Supporters of Grant Creasey react to news of him winning the mayoral race on Monday evening at the Lacombe Golf and Country Club. (Ashli Barrett/Lacombe Globe)

Supporters of Grant Creasey react to news of him winning the mayoral race on Monday evening at the Lacombe Golf and Country Club. (Ashli Barrett/Lacombe Globe)


The second time was a charm for the City of Lacombe’s new mayor.

Grant Creasey captured the mayor’s chair Monday night, edging out incumbent councillor Peter Bouwsema 1,964 votes to 1,417. In 2013, he narrowly lost to outgoing mayor Steve Christie by just 63 votes.

“It feels really good. Speaking from experience being a second-place finisher, this is a much better feeling,” Creasey, who was elected previously as a councillor in 2010, said. “It’s a much more positive outcome this time around and I look forward to serving the people of Lacombe.”

Going forward, he says his aim is to create a more open and accessible government that is fiscally responsible, and one of his top priorities will be to hire a new Chief Administrative Officer (CAO).

There will be a lot more change, however, than just the “positive change” he ran on which will be one of his first challenges as the new mayor of Lacombe.

“We’ve got a lot of new faces on council and administration,” he said. “We’ve got a pretty fresh, clean slate overall and I look forward to putting my fingerprint on some of it and working in concert with the new councillors and incumbent as well as our hardworking city employees.”

Results came in just shy of 10 p.m. due to some tabulating hiccups with the machines.

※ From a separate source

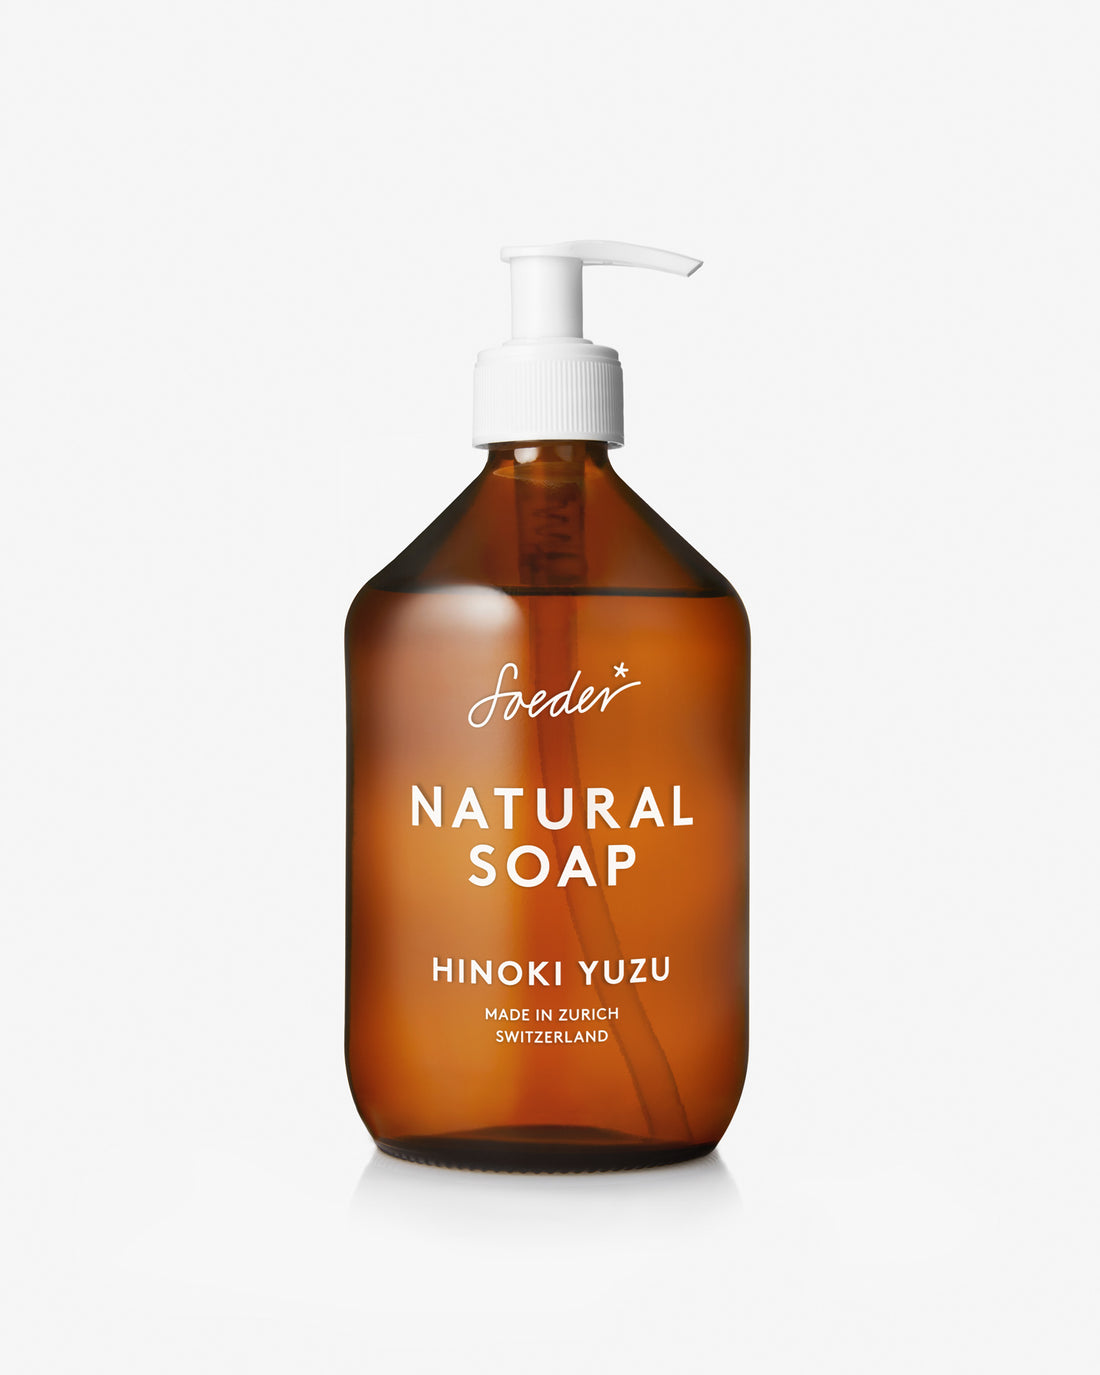 NATURAL SOAP HINOKI YUZU - Fibres de soja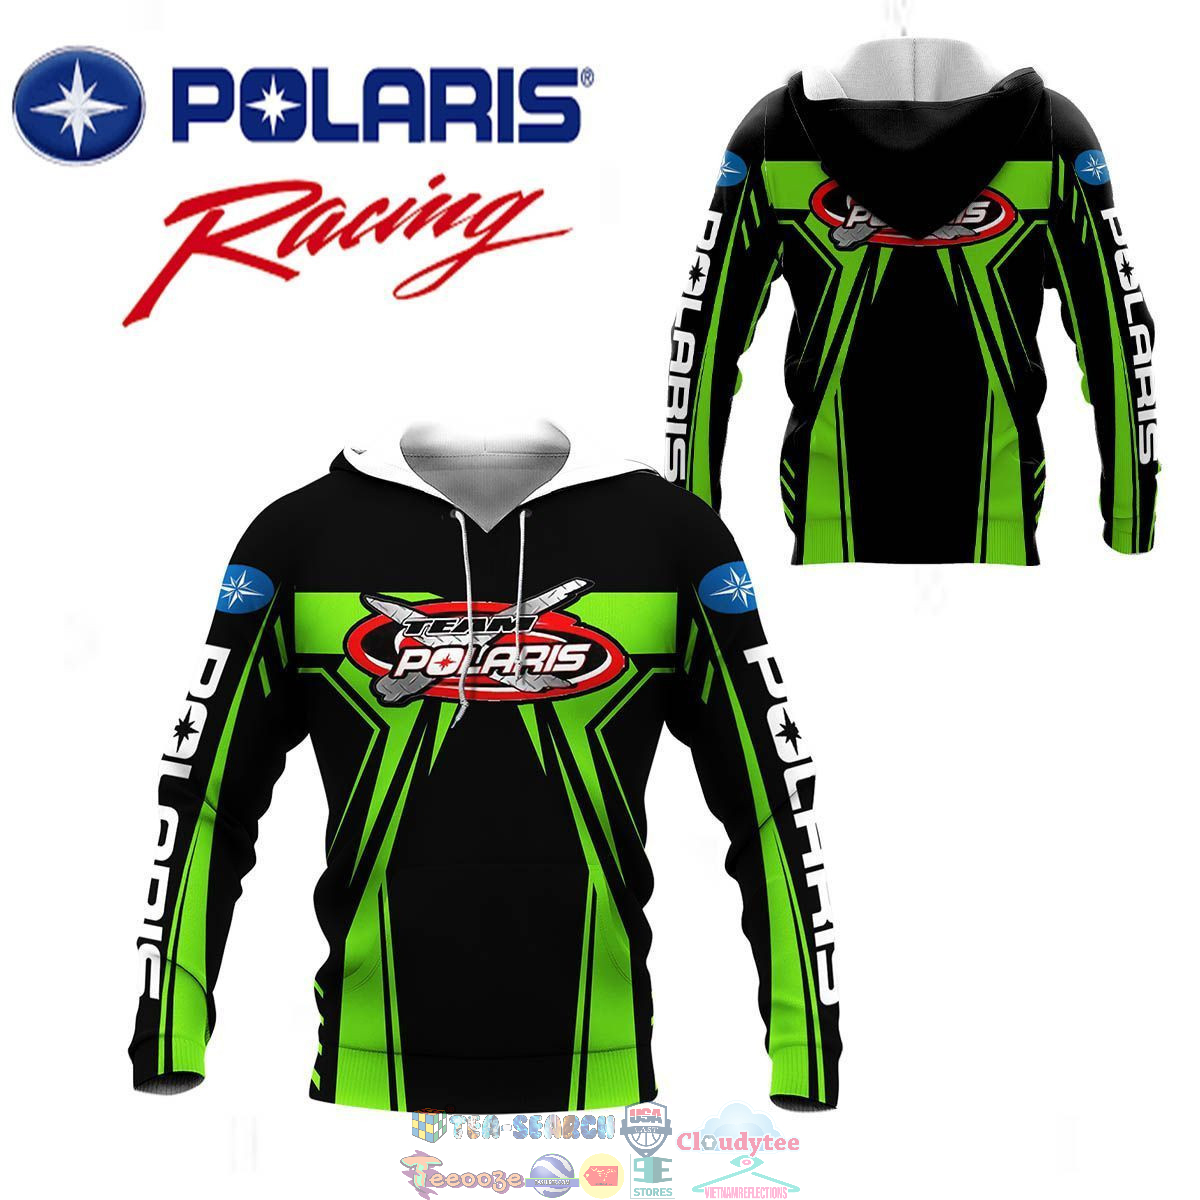 ddlE6Wuf-TH160822-45xxxPolaris-Racing-Team-ver-6-3D-hoodie-and-t-shirt3.jpg

The only incumbent councillor re-elected was Reuben Konnik, who took the sixth and final seat with 1,562 votes.

Don Gullekson was ahead of him with 1,575, as was Chris Ross with 1,622 and Jonathan Jacobson with 1,672 votes.

Leading all candidates in votes – including both mayoral candidates – was two of the three women in the race. Cora Hoekstra received 2,265 votes, second only to Thalia Hibbs with 2,457.

Hibbs, a former trustee for St. Thomas Aquinas Roman Catholic School District, was the first to publically announce her council candidacy in June.

“It’s a whirlwind of emotions,” she said. “It feels really, really awesome. To have that many people believe in the vision I have is really powerful and I feel like I’ve got a strong mandate.”

Her focus is on “real, authentic engagement” and getting citizens involved with the decision making process, aside from the immediate concern of filling the CAO position and the budgeting process for the upcoming year.

She didn’t shy away, however, from saying council as a whole has a lot of work ahead of them.

“This is a new role for many. There’s a lot to learn – everything from how the governance structure works, and even just the simple mechanics of the day-to-day,” she said. “We have some experience – I do have that, obviously Reuben Konnik has that, the new may has that – so hopefully that will help make that a little more seamless but it’s going to be a big change and a lot of learning for sure.”

Incumbents who were not re-elected included Bill McQuesten (1,349), Wayne Armishaw (1,348) and Wayne Rempel (1,124). Joyce Smith (974) and Sandy "Pepper" Douglas (756) also ran.

Voter turnout dropped from the last election with 34 per cent with 3,419 of an approximate 10,000 eligible voters casting ballots. In 2013, there was a 37 per cent turnout with 3,294 of approximately 8,800 eligible voters casting ballots.